VAT and all other taxes, levies, duties or costs are always at the client's expense.
If the client fails to pay an invoice in principal within the proposed period, the full amount becomes immediately due and payable without further notice of default, even if some amounts thereof have not yet fallen due.
Late payments, costs and accessories
Any debt of a client that remains unpaid on the due date will automatically and without notice of default or any other formality whatsoever, accrue interest of 10% per year, calculated from the due date until the date of full payment, as well as a fixed compensation of 10% with a minimum of €125, on the amount owed in principal.
In the event that our company is unable to deliver the works within the stipulated period, the client, insofar as they are a private consumer, is entitled to equivalent compensation as in the preceding article at the expense of our company.
Any delay in payment may give rise to the suspension or cancellation of deliveries and works yet to be carried out, and the refusal to accept new orders.
The client expressly agrees that invoicing is done electronically.
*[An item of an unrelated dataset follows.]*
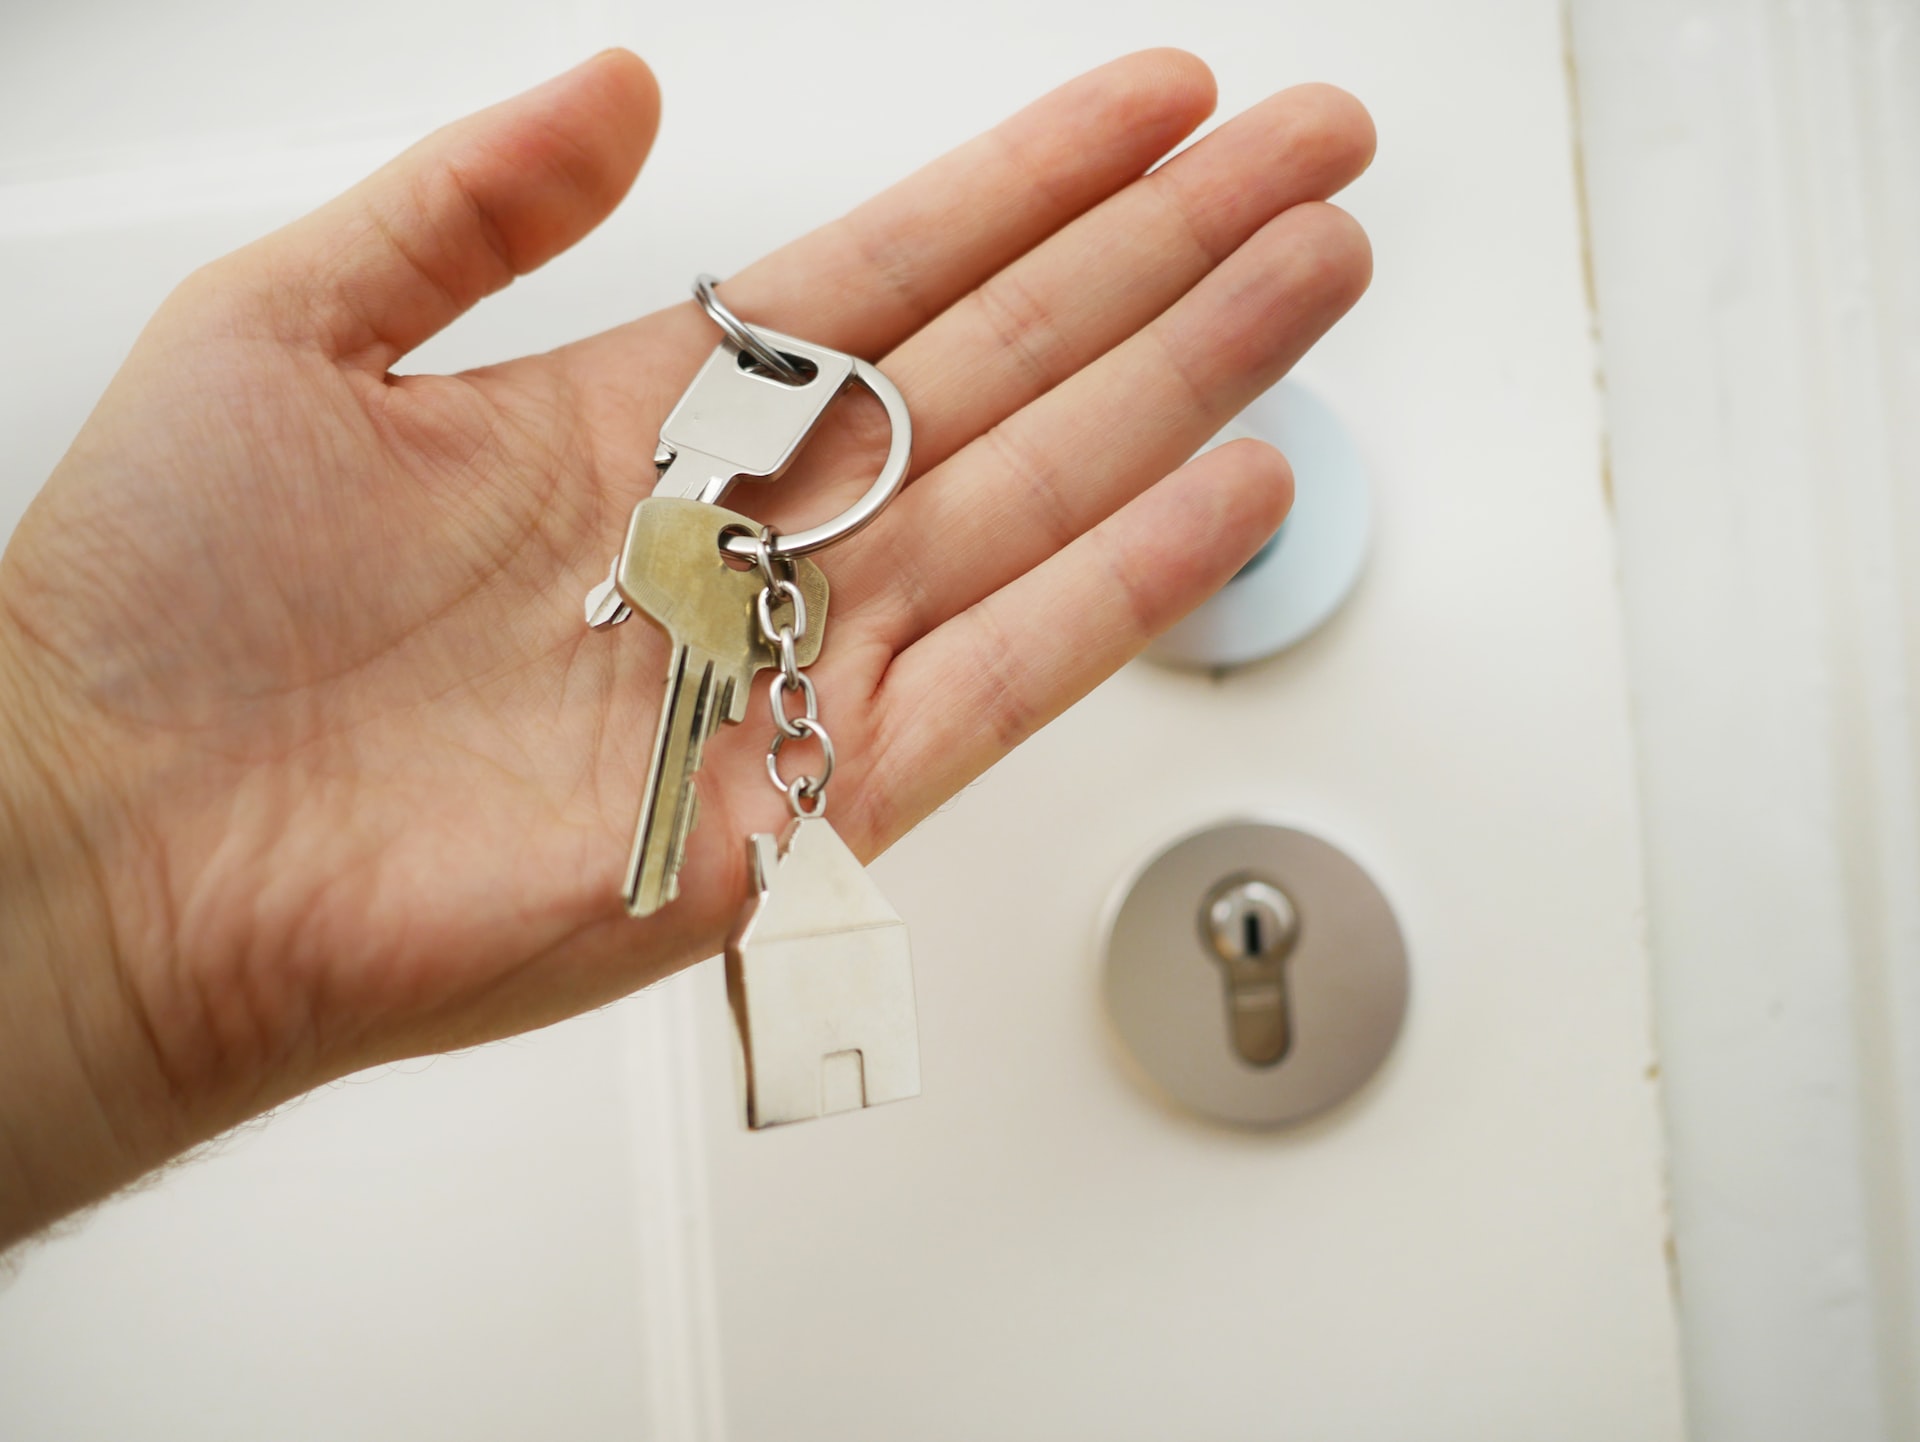 Schlüssel mit Hausschlüsselanhänger in einer Hand

Invoices are sent to the email address provided by the client at the time of ordering.
Processing of personal data
We collect and process the identity and contact details we receive from the client and that relate to the client themselves, their staff, employees, appointed representatives and other useful contact persons. The purposes of these processing activities are the execution of this agreement, customer management, accounting and direct marketing activities such as sending promotional or commercial information.
The legal bases are the execution of the agreement, the fulfilment of legal and regulatory obligations (such as, for example, the 30bis declaration of works) and/or the legitimate interest of our company. For direct marketing purposes by email (such as a newsletter or invitations to events), the client additionally gives their express and free consent to our company to use their personal data.
The data controller is HAMSTER CLEANING NV with registered office at Nieuwpoortlaan 15 B bus 3, 3600 Genk, known under company number 0546.543.431. The aforementioned personal data will be processed in accordance with the provisions of the General Data Protection Regulation and will only be passed on to processors, recipients and/or third parties insofar as this is necessary within the framework of the aforementioned purposes for processing. The client bears responsibility for the accuracy and keeping up to date of the personal data they provide to our company and undertakes to strictly comply with the provisions of the General Data Protection Regulation with respect to the persons whose personal data they have passed on to our company.
The client confirms that they have been adequately informed about the processing of their personal data and about their rights of access, rectification, erasure and objection. For further clarification, our company explicitly refers to the Privacy Statement, as attached as an appendix to this agreement and available on the website www.hamstercleaning.be. The client confirms having taken note of this Privacy Statement and accepting its contents.
Express Arbitration Clause
Any dispute will be settled by the Arbitration Tribunal designated by the Institute for Arbitration (www.euro-arbitration.org), in accordance with the SDR (Standard Dispute Rules) arbitration rules. This provision replaces all conflicting jurisdiction clauses. This agreement is governed by Belgian law.